The United Steel, Paper and Forestry, Rubber, Manufacturing, Energy, Allied Industrial and Service Workers International Union, commonly known as the United Steelworkers (USW), is a general trade union with members across North America. Headquartered in Pittsburgh, the United Steelworkers represents workers in Canada, the Caribbean, and the United States. The United Steelworkers represent workers in a diverse range of industries, including primary and fabricated metals, paper, chemicals, glass, rubber, heavy-duty conveyor belting, tires, transportation, utilities, container industries, pharmaceuticals, call centers and health care.

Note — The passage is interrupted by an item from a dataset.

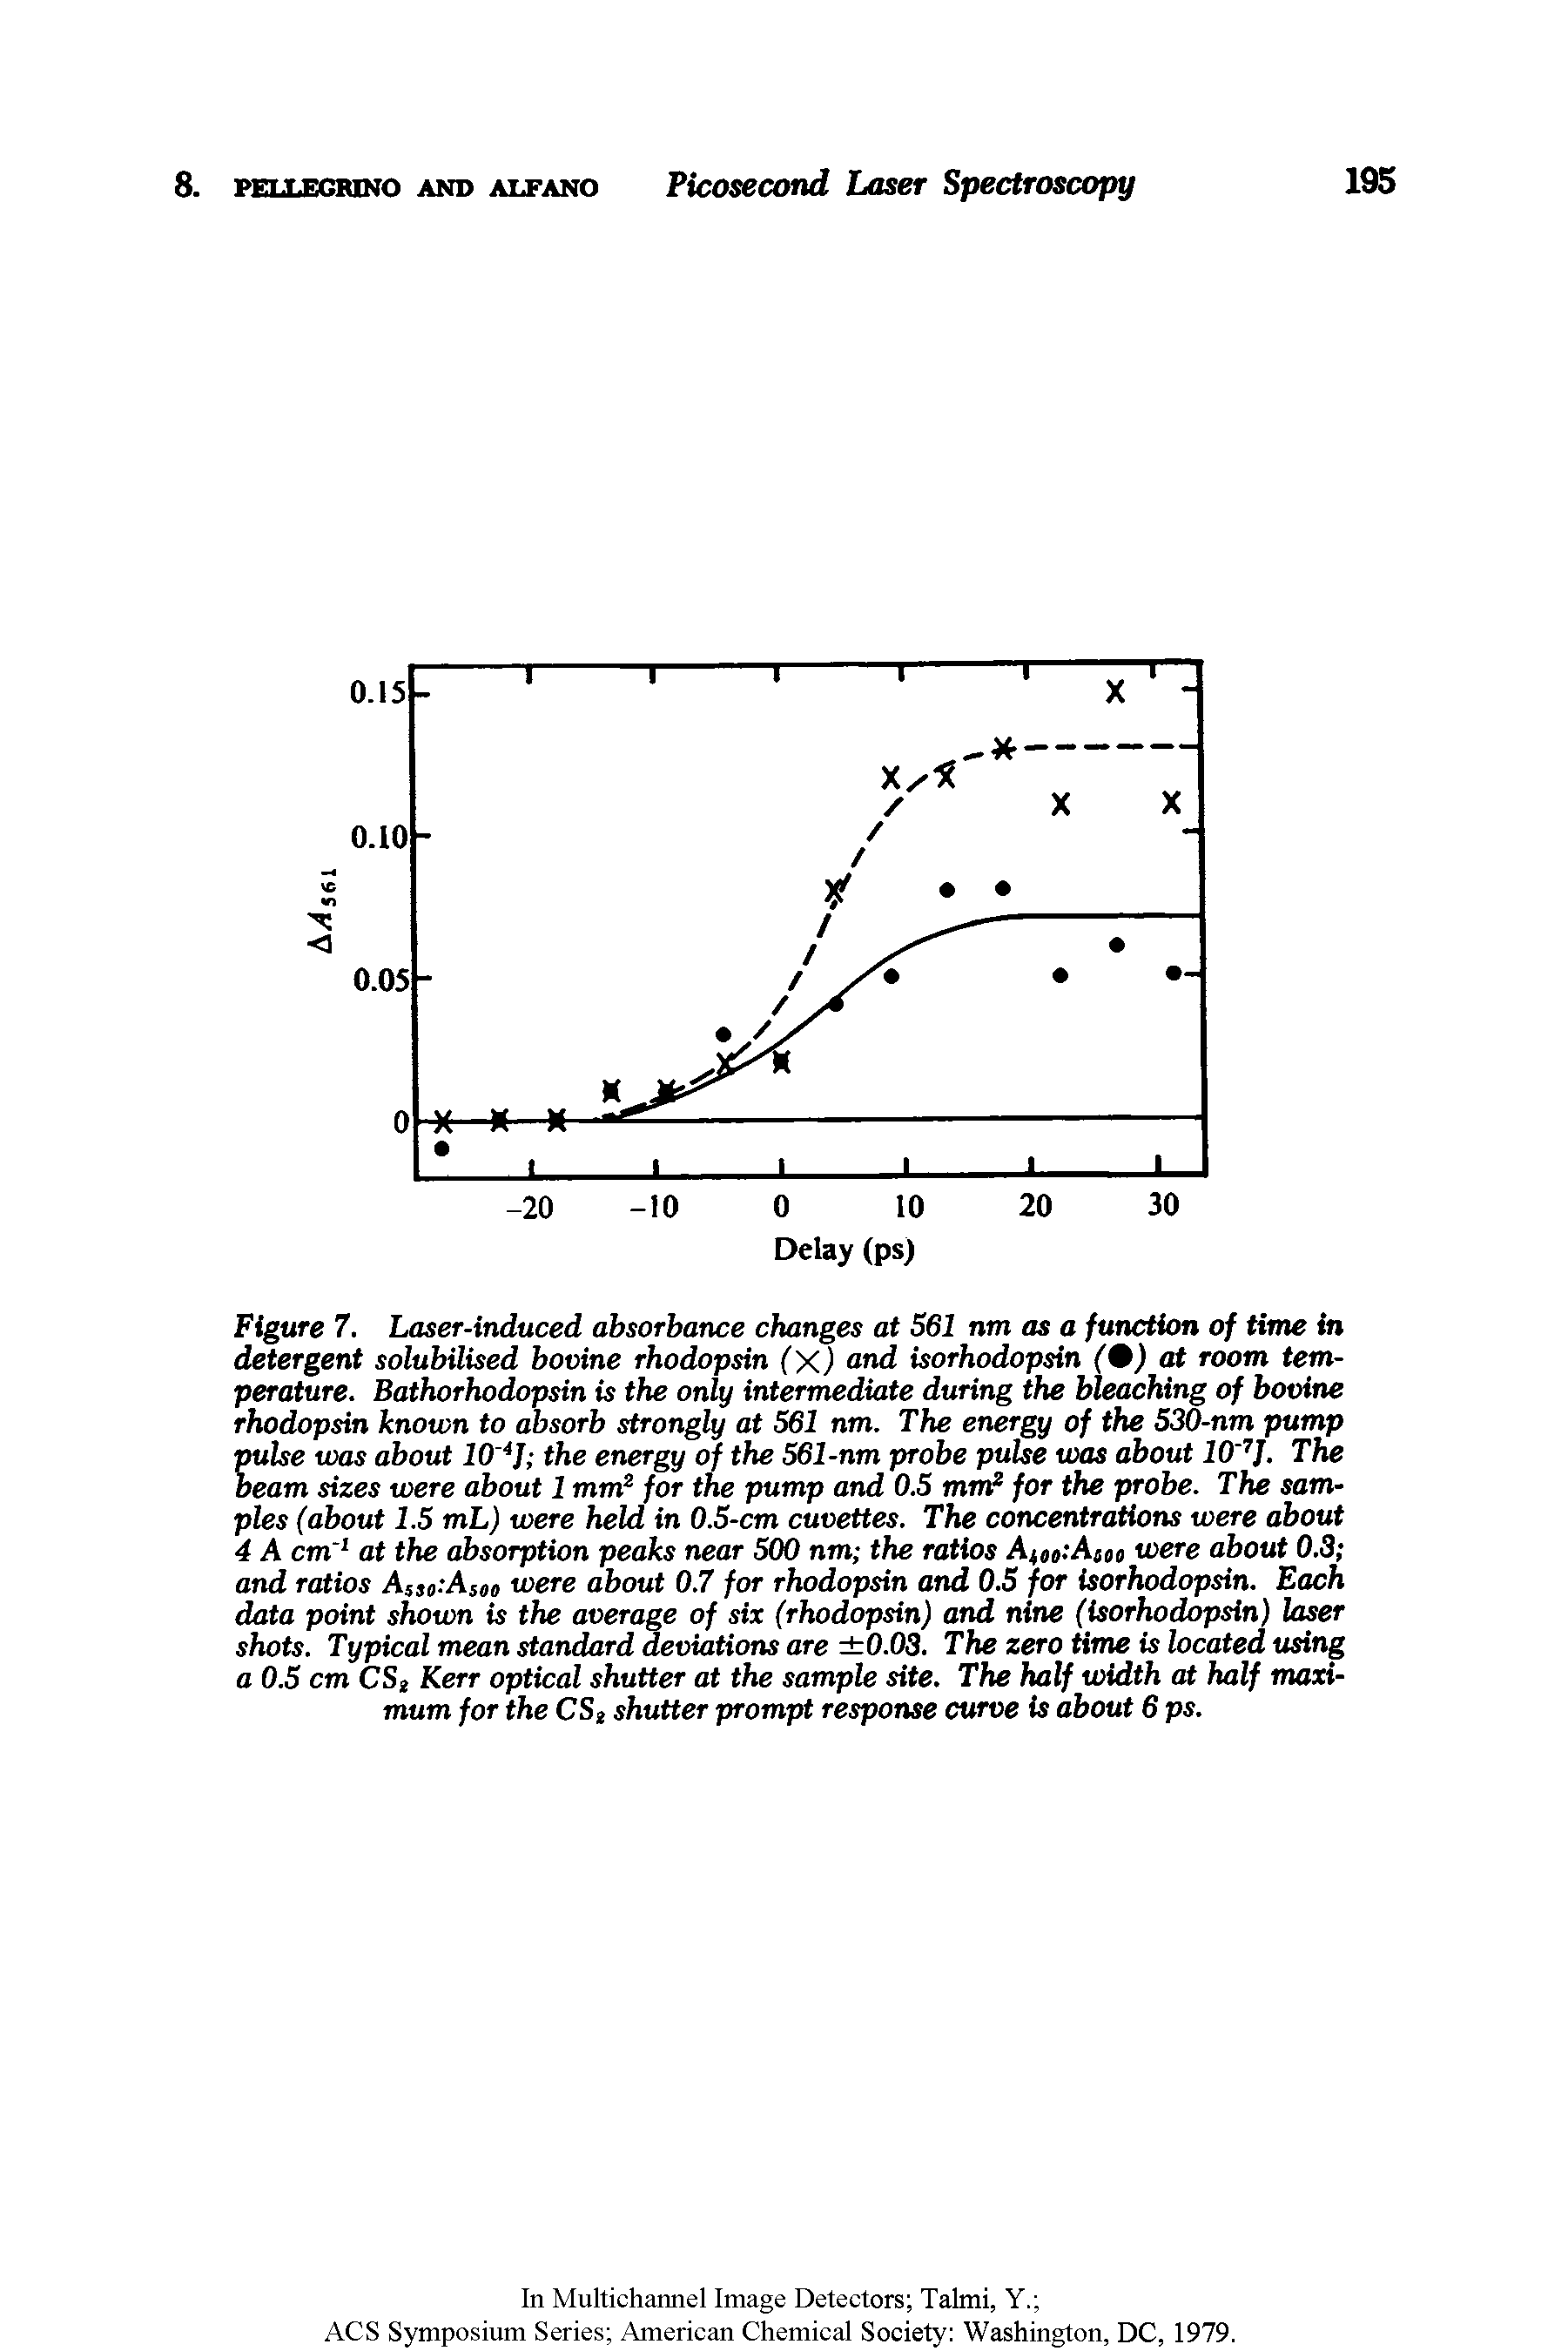 Figure 7. Laser-induced absorbance changes at 561 nm as a function of time in detergent solubilised bovine rhodopsin (X) and isorhodopsin (9) at room temperature. Bathorhodopsin is the only intermediate during the bleaching of bovine rhodopsin known to absorb strongly at 561 nm. The energy of the 530-nm pump pulse was about 10 4J the energy of the 561-nm probe pulse was about 10 7J. The beam sizes were about 1 mm2 for the pump and 0.5 mm2 for the probe. The samples (about 1.5 mL) were held in 0.5-cm cuvettes. The concentrations were about 4 A cm I at the absorption peaks near 500 nm the ratios A Ajjj were about 0.3 and ratios ASsa. As<)o were about 0.7 for rhodopsin and 0.5 for isorhodopsin. Each data point shown is the average of six (rhodopsin) and nine (isorhodopsin) laser shots. Typical mean standard deviations are 0.03. The zero time is located using a 0.5 cm CS2 Kerr optical shutter at the sample site. The half width at half maximum for the CS2 shutter prompt response curve is about 6 ps.

The United Steelworkers is currently affiliated with the AFL–CIO in the United States and the Canadian Labour Congress (CLC) in Canada as well as several international union federations. On July 2, 2008, the United Steelworkers signed an agreement to merge with the United Kingdom and Ireland–based union Unite to form a new global union entity called Workers Uniting.

The current International President of the United Steelworkers is Tom Conway, who was installed as President after the retirement of Leo Gerard.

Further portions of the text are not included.